Detroit left London Records sometime in 1995. She released her third studio album Feeler in September 1996 under various labels; in the UK it was released under AAA Records, in some European territories under Mega Records, in others Silvertone Records. The album did not chart in the UK, or any other territories except Japan, where under Sony Records it peaked at number 82. Four singles were released, "I Hate You Now...", "Somebody's Mother", "Boy", and "Flower". "I Hate You Now..." and "Boy" peaked at number 107, and 102 respectively. A live album, Without Medication Plus MTV "Buzz Live", was released promotionally in Japan in 1996. In the same year, she guest-starred in two episodes of Absolutely Fabulous as an angel. Over the course of the two episodes, five original songs by Detroit feature in numerous scenes, which were later released in 1999 on Abfab Songs. The same year, Detroit released Demoz, a double-CD collection of demos. Her fourth solo album, Dancing Madly Sideways was released in July 2001 under Detroit's own independent label Banned Records, which would later be retitled Lofi Records. The album was preceded by one single, "Lust for Like", and a three-track sampler EP, Limited Edition. None of these releases charted internationally. In 2002, she featured on Aurora's single "If You Could Read My Mind".
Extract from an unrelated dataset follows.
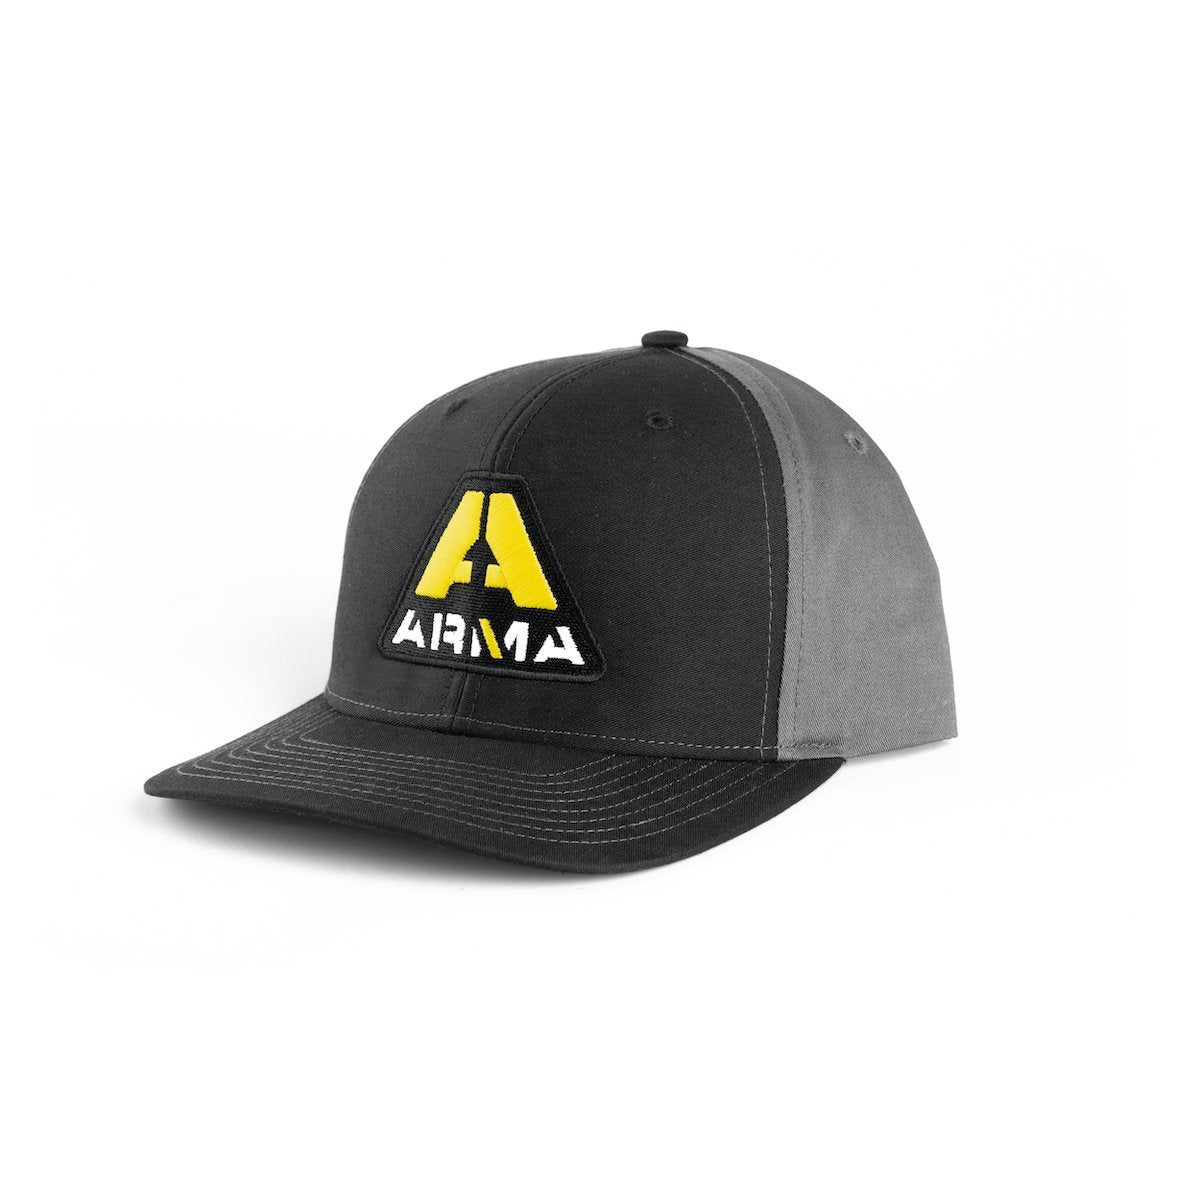 Stacked Twill - Black/Charcoal - Arma Sport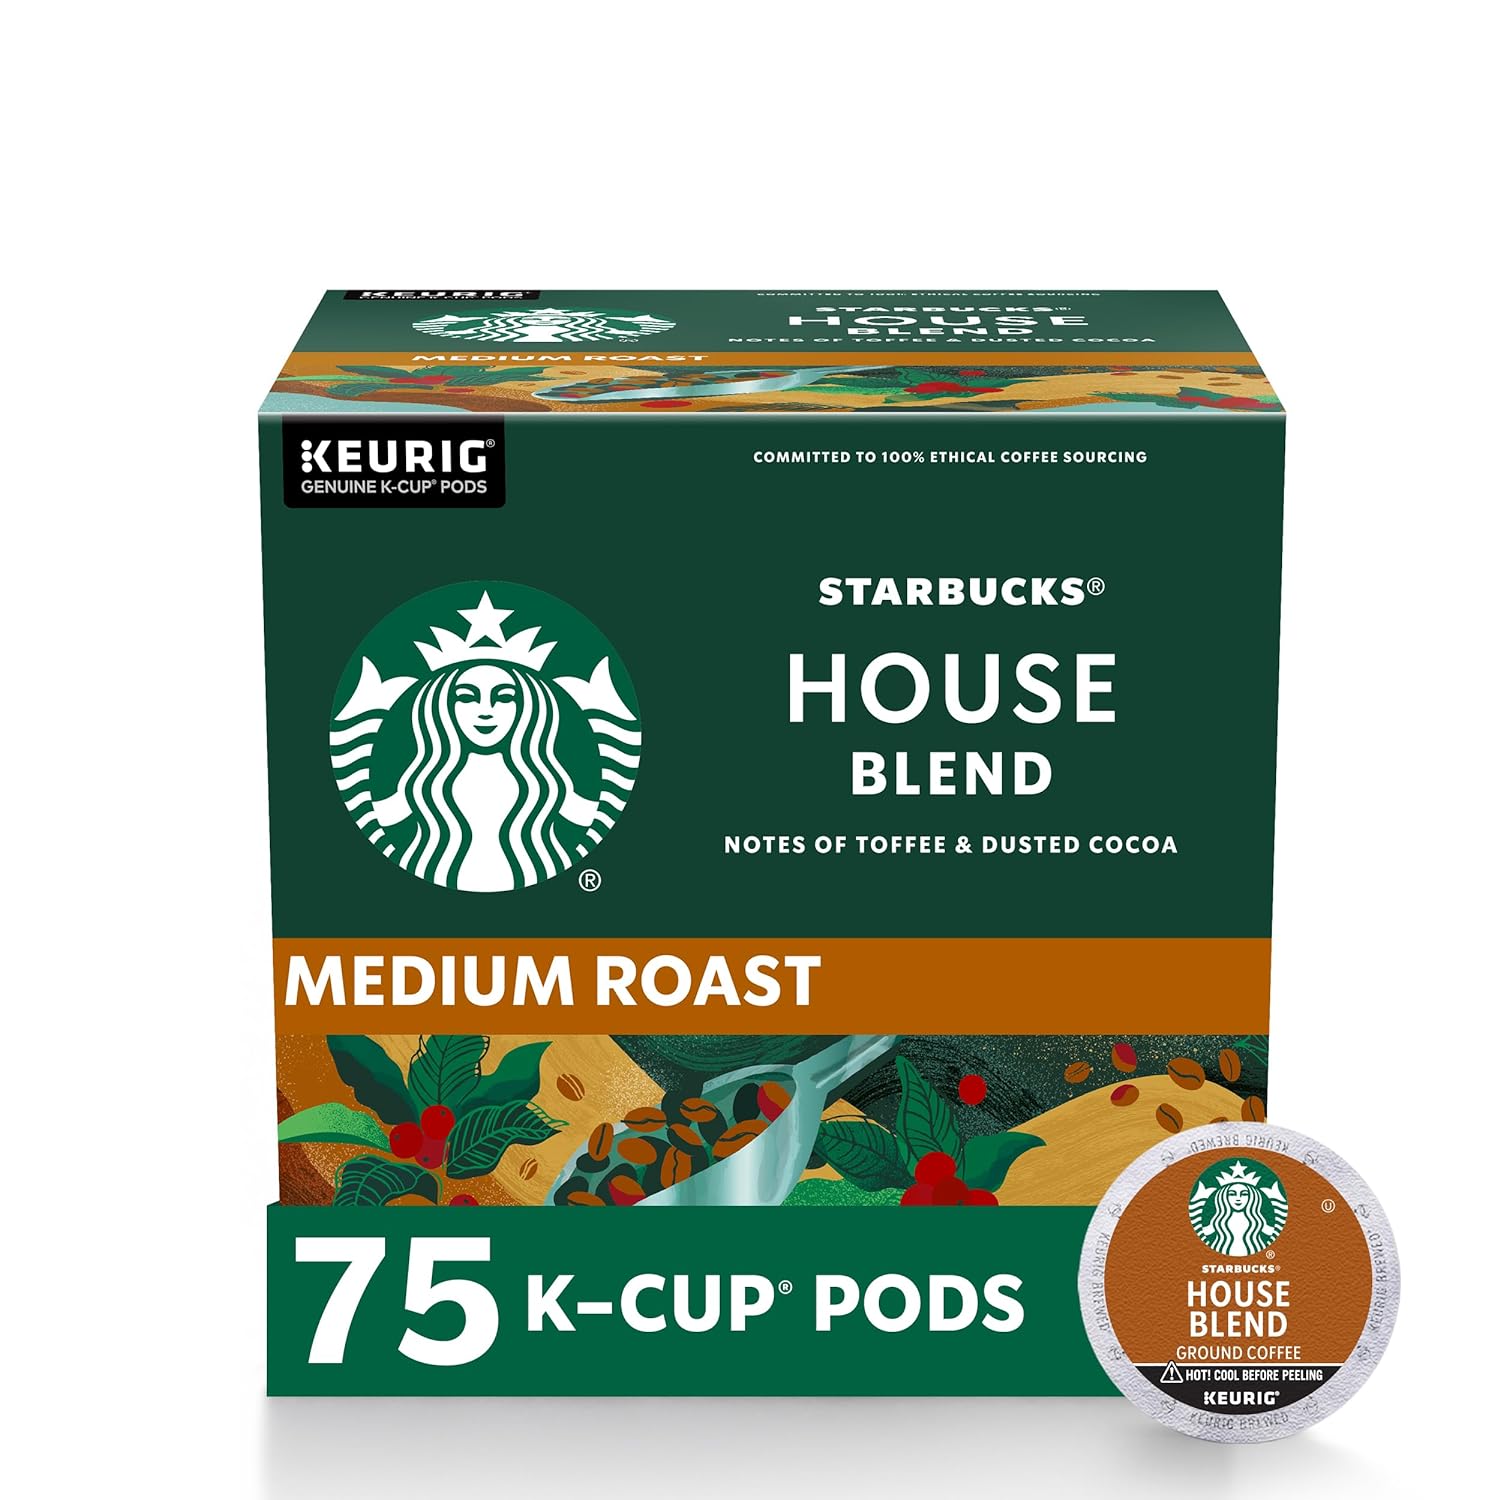 This is my favorite Starbucks blend so I was thrilled to buy it in pods for the office. It is a mellow light roast with a delicious and the Starbucks strength you are expecting but no bitter tones. Love this coffee and the price is moderate.

===2002–2008: Marcy Levy Band===
After Dancing Madly Sideways, Detroit formed her self-titled blues band (named after her birth name and original stage name); the Marcy Levy Band, with Michael Fell on harmonica, Job Striles on guitar, Rick Reed on bass, and Max Bangwell on drums. Detroit described the project as "getting back to my roots, the stuff that inspired me in the first place. So I decided to contact all my blues friends and do a record." Their debut EP Button Fly Blues received a limited release under Handmade Records, Detroit and the band's only release with the label. During this era, she toured with Carlos Guitarlos, and began songwriting for artists including Charlotte Church and Alex Parks, among others. The Marcy Levy Band released their debut studio album The Upside of Being Down in July 2006 under Detroit's independent label Lofi Records. In April 2007, she featured on Loverush U.K.'s single "Mystery to Me". In 2008, she also featured on "My Friend Misery" by Vacuum.

===2009–2018: Popstar to Operastar, The Vehicle, and Gray Matterz===

In 2009, the Marcy Levy Band split. In the same year, Detroit featured on two tracks, "Fantasy" and "Paint You a Picture", of the album Rising from the Bushes, by Alex Dixon (grandson of Willie Dixon). As of mid-2009, Detroit had been working on two separate solo studio albums; Skin I'm In, produced by Larry Klein, and The Vehicle, a more personal project, and is to coincide with the release of her autobiography of the same name. In January 2010 Detroit participated in Series 1 of the British ITV1 celebrity reality television show Popstar to Operastar. She finished as a joint semi-finalist alongside Kym Marsh in week 5 of the competition. When the voting statistics were released it was revealed that she had more votes than Marsh; therefore she came third overall. She was also only three percent behind Darius Campbell Danesh, who went on to become the winner of the season. In 2010, she released a single titled "All is Forgiven", based on the Irish Prayer, which has since been removed from the iTunes Store. In November 2011, Detroit released her first Christmas EP Happy Holiday, consisting of classic covers and an original song of the same name.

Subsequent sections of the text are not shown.